Here's a modified version of your program. I've changed the array size from 4 to 17 to ensure that its size is distinguishable from anything else. I've also changed the type and variable names to make the code easier to follow, and added #include <iostream> so it actually compiles. I've also removed some unnecessary stuff.
#include <iostream>
int main()
{
typedef unsigned char char17[17];
char17 arr17;
char17& arr17_ref = arr17;
std::cout << "sizeof(arr17) = "
<< sizeof arr17
<< ", sizeof(arr17_ref) = "
<< sizeof(arr17_ref)
<< "\n";
return 0;
}
When I compile and run it on my system, the output is 17.
When I run it under gdb, I get 8 (the size of a pointer on my system):
$ gdb ./c
GNU gdb (GDB) 7.5-ubuntu
[snip]
Reading symbols from /home/kst/c...done.
(gdb) b 12
Breakpoint 1 at 0x40097e: file c.cpp, line 12.
(gdb) r
Starting program: /home/kst/c
sizeof(arr17) = 17, sizeof(arr17_ref) = 17
Breakpoint 1, main () at c.cpp:12
12 return 0;
(gdb) p sizeof(arr17)
$1 = 17
(gdb) p sizeof(arr17_ref)
$2 = 8
(gdb) c
Continuing.
[Inferior 1 (process 23420) exited normally]
(gdb) q
$
Yes, this is a bug in gdb. gdb is supposed to evaluate expressions as they'd be evaluated in a running program; in this case, it fails to do so.
(I'm using gcc 4.7.2 and gdb 7.5 on Linux Mint 14.)
UPDATE :
The OP submitted a bug report: https://sourceware.org/bugzilla/show_bug.cgi?id=16675
and it's been fixed. The patch was approved and committed 2014-04-14. I still see the bug in gdb 7.7.1, but it's fixed in 7.11.1.

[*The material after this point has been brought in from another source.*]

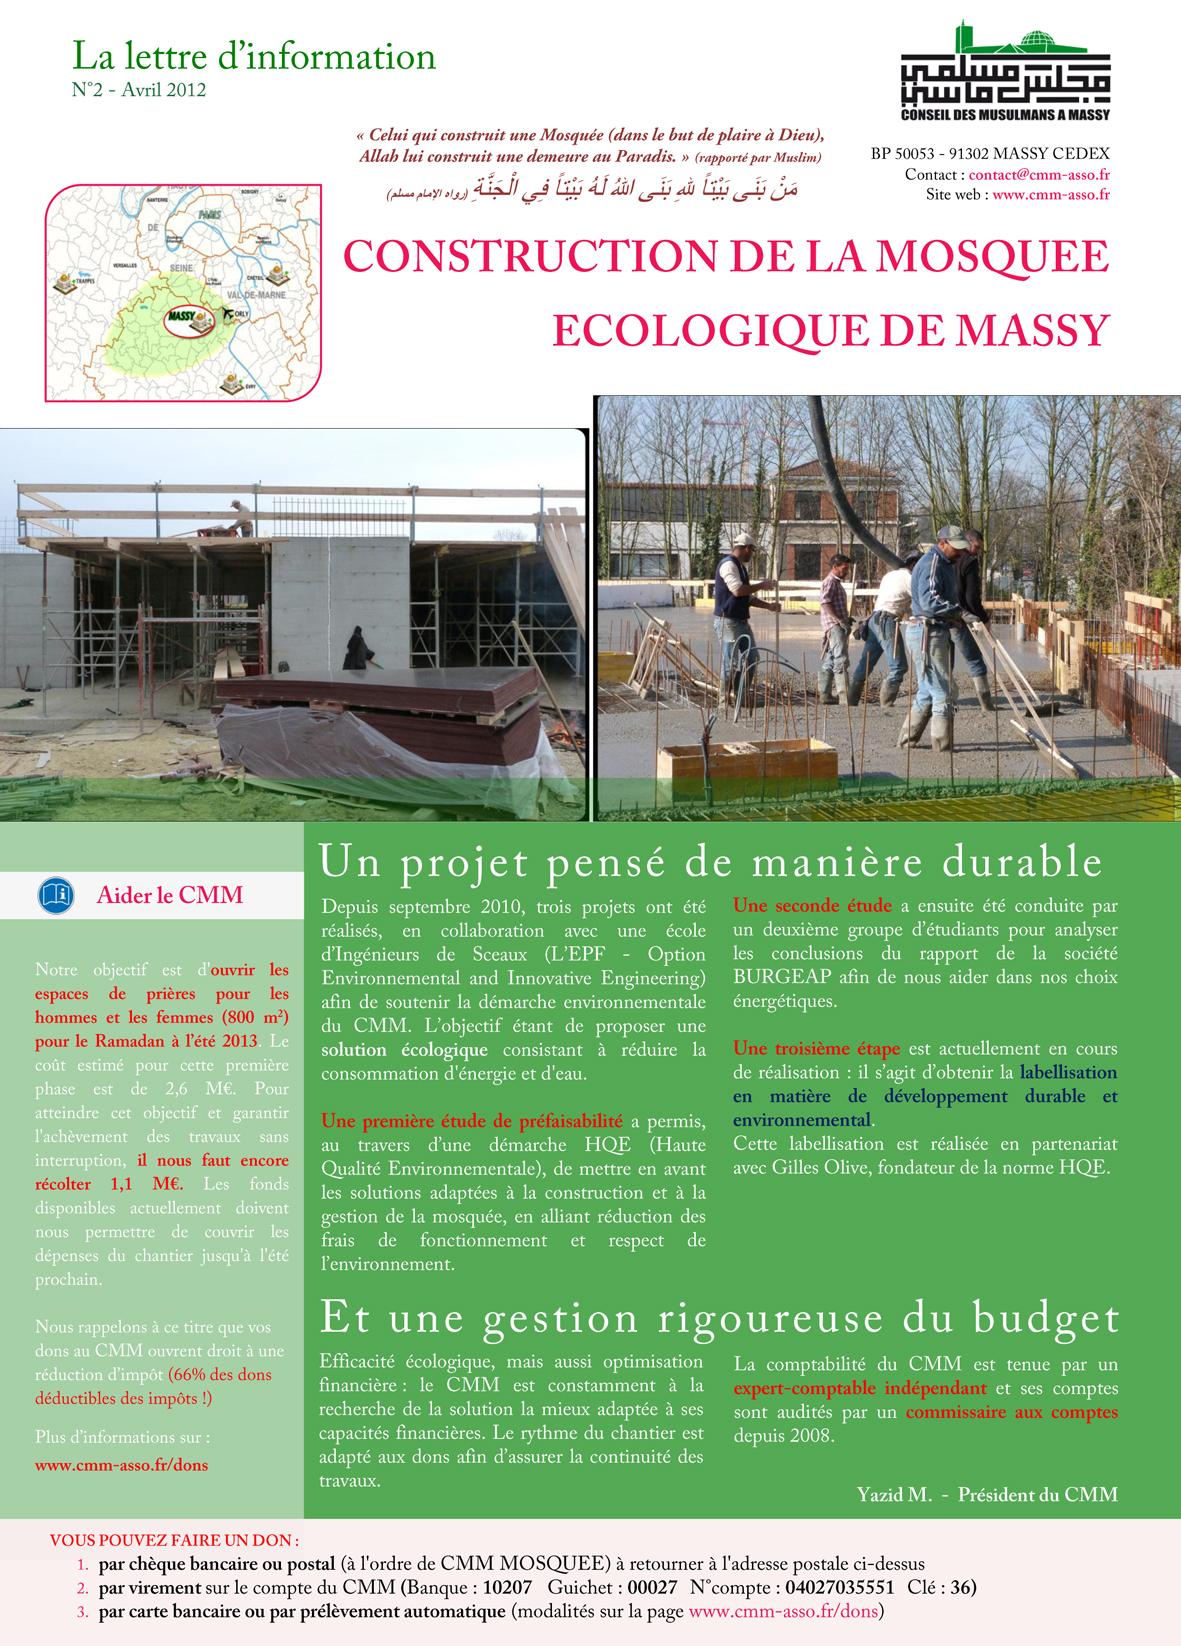 Lettre d'information n°2 sur la construction de la mosquée - page 1

Why does gdb show two different returns?

Last week I was a debugging a code and a weird situation came up: gdb passes through two different return clauses. I made a simple example that illustrates the situation:
#include <iostream>
using namespace std;
int test() {
string a = "asd";
string b = "asd";
while (true) {
if (a == b) {
return 0;
}
}
return -1;
}
int main() {
int result = test();
cout << "result: " << result << endl;
}
When debugging the code I got:
(gdb) b main
Breakpoint 1 at 0x1d4c: file example.cpp, line 19.
(gdb) r
Starting program: /Users/yuppienet/temp/a.out
Reading symbols for shared libraries +++. done
Breakpoint 1, main () at example.cpp:19
19 int result = test();
(gdb) s
test () at example.cpp:7
7 string a = "asd";
(gdb) n
8 string b = "asd";
(gdb) n
11 if (a == b) {
(gdb) n
12 return 0;
(gdb) n
15 return -1;
(gdb) n
16 }
(gdb) n
main () at example.cpp:20
20 cout << "result: " << result << endl;
(gdb) n
result: 0
21 }
(gdb) n
0x00001ab2 in start ()
I noted that even if gdb shows line 15, the return value is 0 (the finish command confirms this as well).
So the question is: why does gdb show line 15: return -1, even if the function is not really returning this value?
Thanks!
Edit:
I forgot to mention that I compiled with the following line:
g++ -Wall -pedantic -g -pg example.cpp

I suspect you're seeing the function epilogue. Your two strings have destructors, which are being implicitly called on return. Check out what the disassembly says to be sure, but I suspect that both return statements are mapping to something along the lines of:
stash return_value;
goto epilogue;
and correspondingly:
epilogue:
destroy a; // on the stack, so destructor will be called
destroy b;
really_return(stashed value);
The epilogue appears to come from line 15 as a side-effect of how g++ does line numbering - a fairly simple format, really just a list of tags of the form "address X comes from line number Y" - and so it's reporting 15 as the closest match. Confusing in this case, but correct a lot of the time.

Probably because the program counter register passes through the instructions that best map to the final return, i.e. the function's exit sequence. The actual return value is probably kept in a register, so the first return just loads the proper value and jumps to the end of the function, and then that address is "back-mapped" to the source code line of the final return.

You don't say, but if you compiled with optimization that is exactly the kind of behavior you would see in gdb. You see the first line setting up the return value, and then it jumps to the real return instruction but in C++ you see the entire thing including the return value.